Well the winner of the Powerball jackpot was announced last night, and writing this ahead of time, I’m assuming I’m not $500M richer today as a result of my twelve tickets.

But what if? That’s always a fun question anyone asks themselves when buying a lottery ticket. What if I won?

Well, let’s put aside the fact that I’d lose a huge chunk of the money to taxes. I’m not entirely sure if Taxcaster (my favorite tool for filing my personal taxes) can handle a massive lottery win. I may need a lawyer or accountant for that kind of sum. Beyond that, I would likely give much of it away. What if I had to spend it on incredibly dumb ideas? Here are five I came up with.

1. Buy Every WiiU So Kids Have a Miserable Christmas

1,666,666. That’s the total number of WiiUs I could buy with $500M. I don’t think Nintendo has produced nearly that many yet, so I would ensure that I would be the ONLY one with them this Christmas. Then I would turn around and sell them for twice the price and I’d be a billionaire. Flawless plan.

2. Buy the World’s Greatest Cosplay Costume

I’ve always wanted to have a truly badass cosplay costume, but I never had the time, money or resources to invest in making one. But $500M? I’d have the Department of Defense craft me an actual Gundam suit. I might destroy Comic-Con when I show up, but that’s a risk everyone should be willing to take to witness the glory of my costume.

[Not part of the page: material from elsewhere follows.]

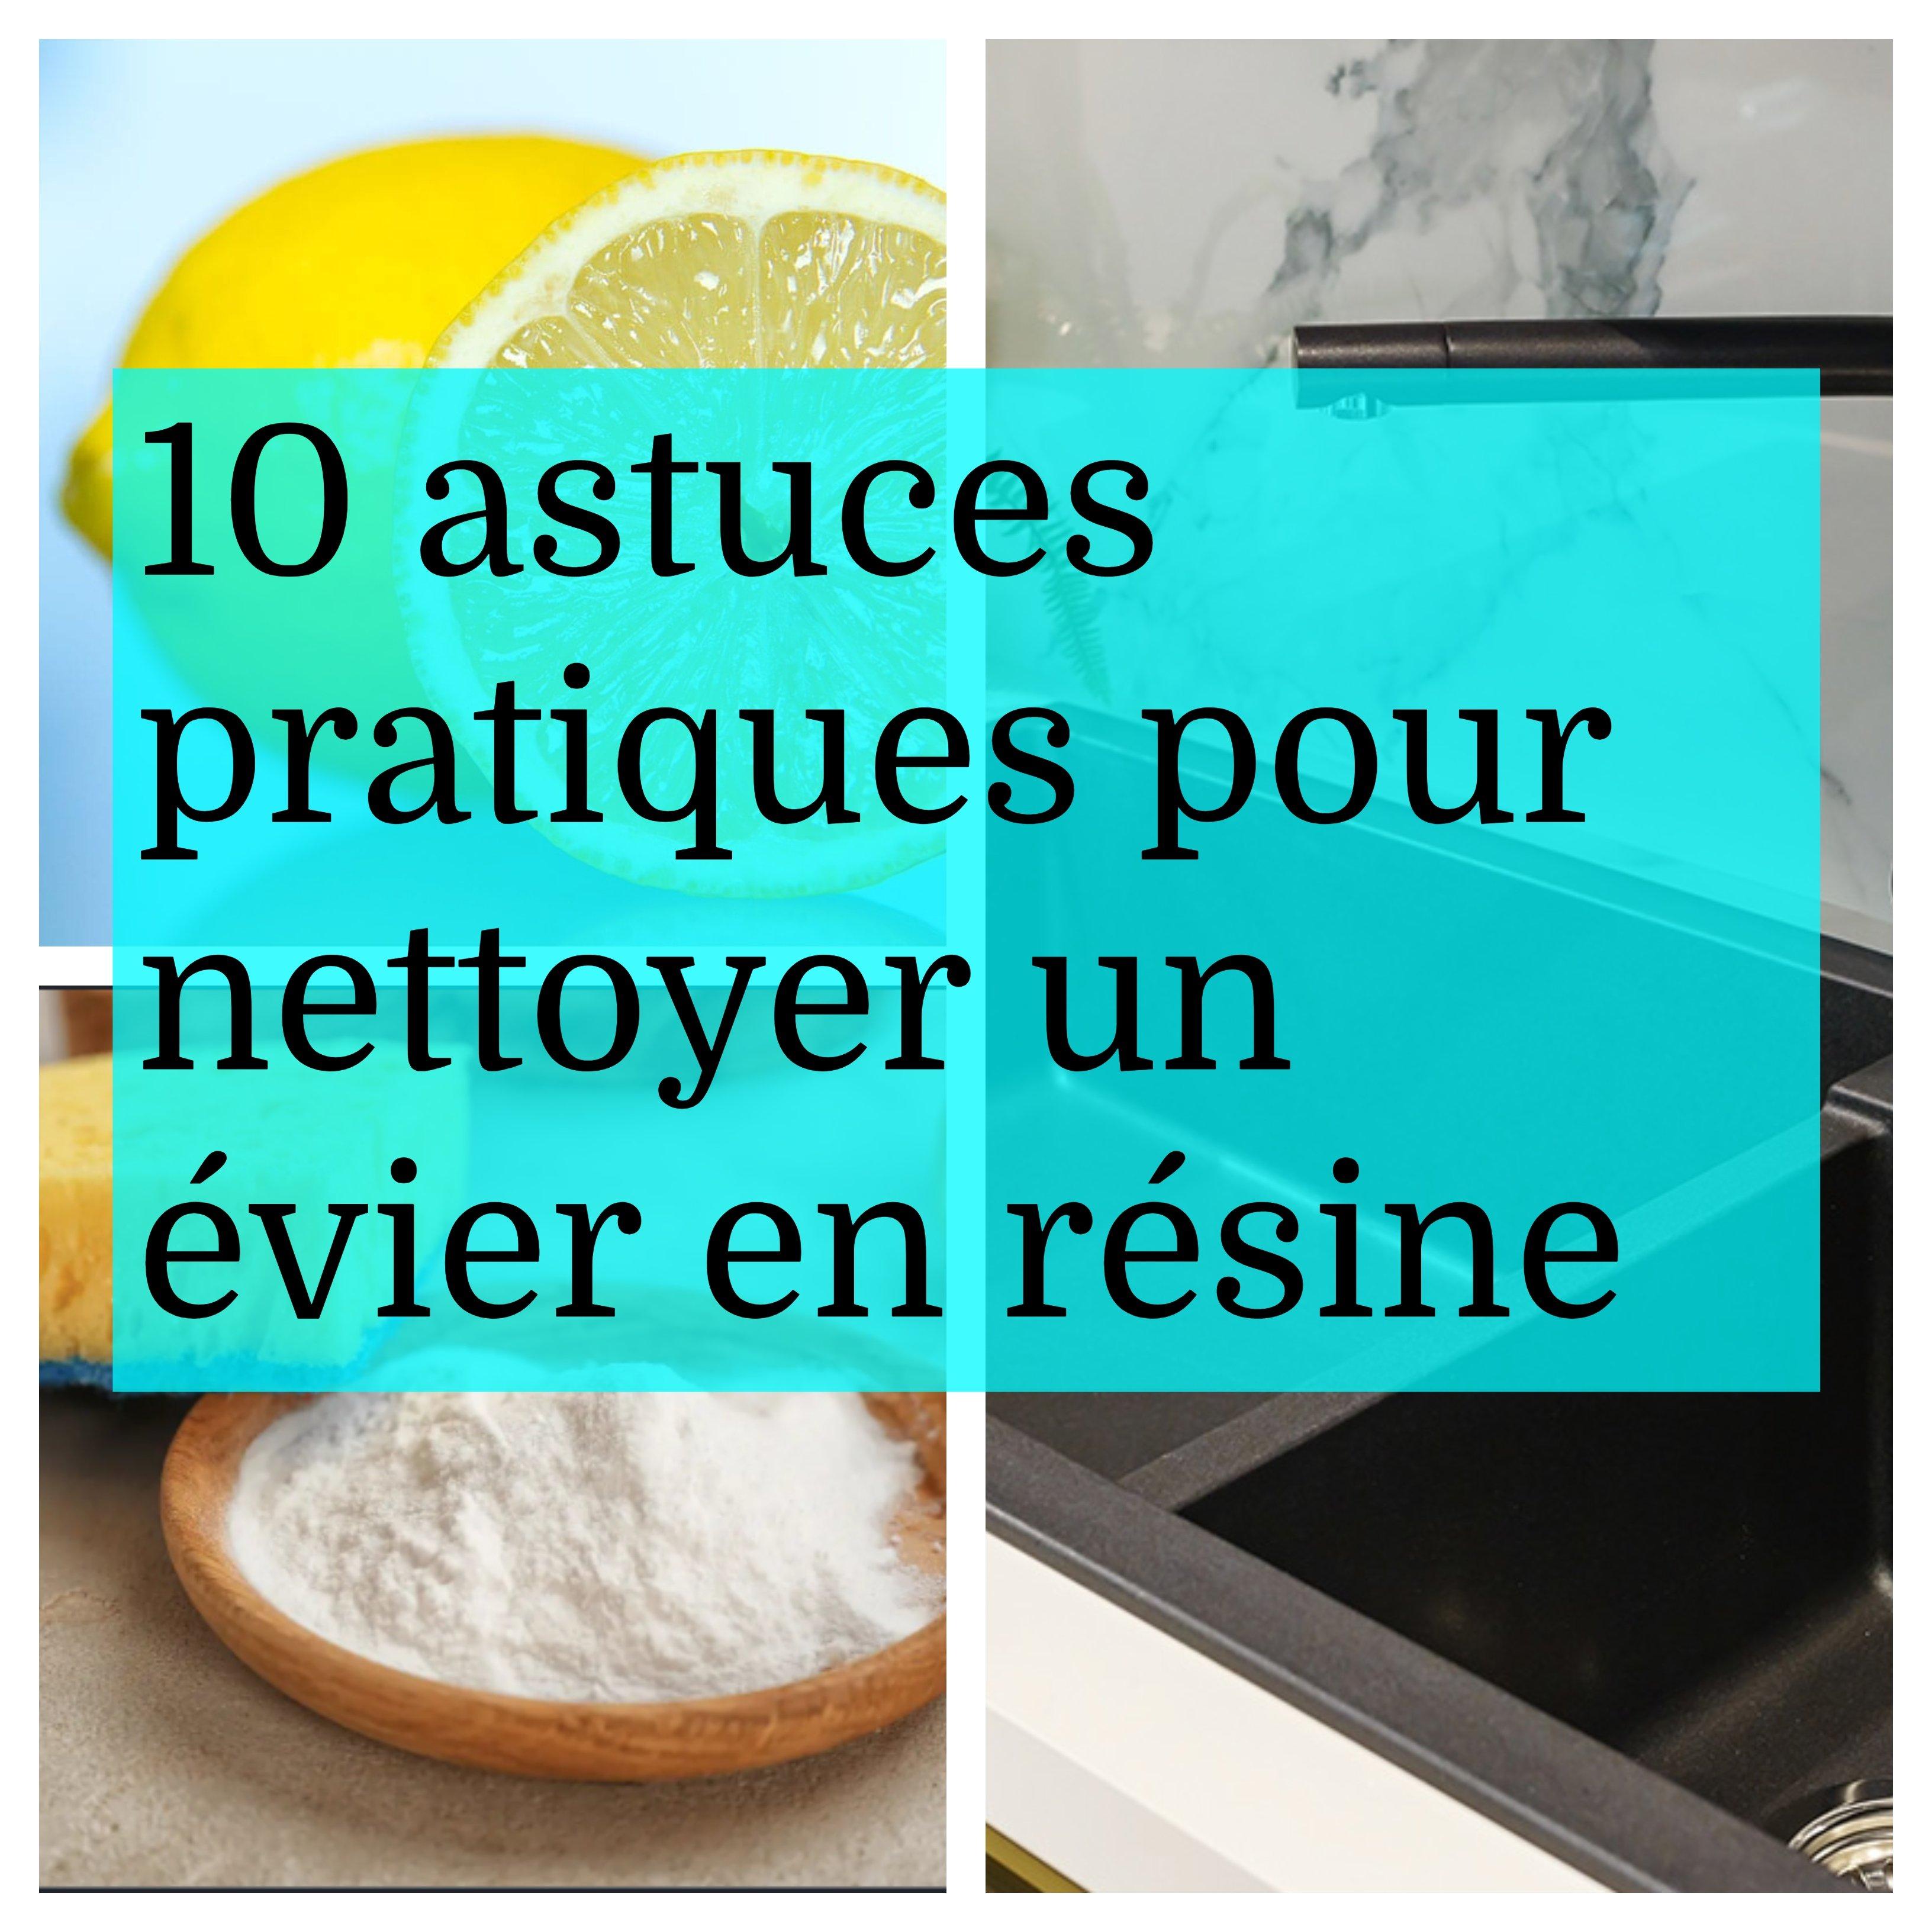 100 Génial Suggestions Nettoyer Evier Resine Tache

3. Pay Microsoft To Let Me Be Master Chief

One of these days, Microsoft and 343 will finally let us see who Master Chief is under that helmet. I think a $500M bribe would let me not only be able to be the face, voice and mo-cap person for Master Chief, I could probably get them to name the next game: Halo 5 – Legend of Tassi

4. Make My Book Into a Movie

Sigh. This is probably the only one I might genuinely consider doing, if I was truly that selfish. It’s a dream for someone to adapt my book into a movie. For $500M it would probably be the most expensive film ever made, but I could hire Chris Nolan to direct and cast absolutely anyone I wanted in all the roles. If it sucked, I would use the remaining cash to buy Rotten Tomatoes and ensure that it MOST CERTAINLY DOES NOT SUCK.

5. Become Batman

Remember that infographic from a little while back showing how much it would cost to be Batman? Well, turns out with $500M, I’d still be $182M short, but at that point I’d be willing to sacrifice the Batplane and Wayne  Manor if I got to keep everything else. Sure, I’d probably die the first time I tried to use my grappling hook on a skyscraper, but it would totally be worth it.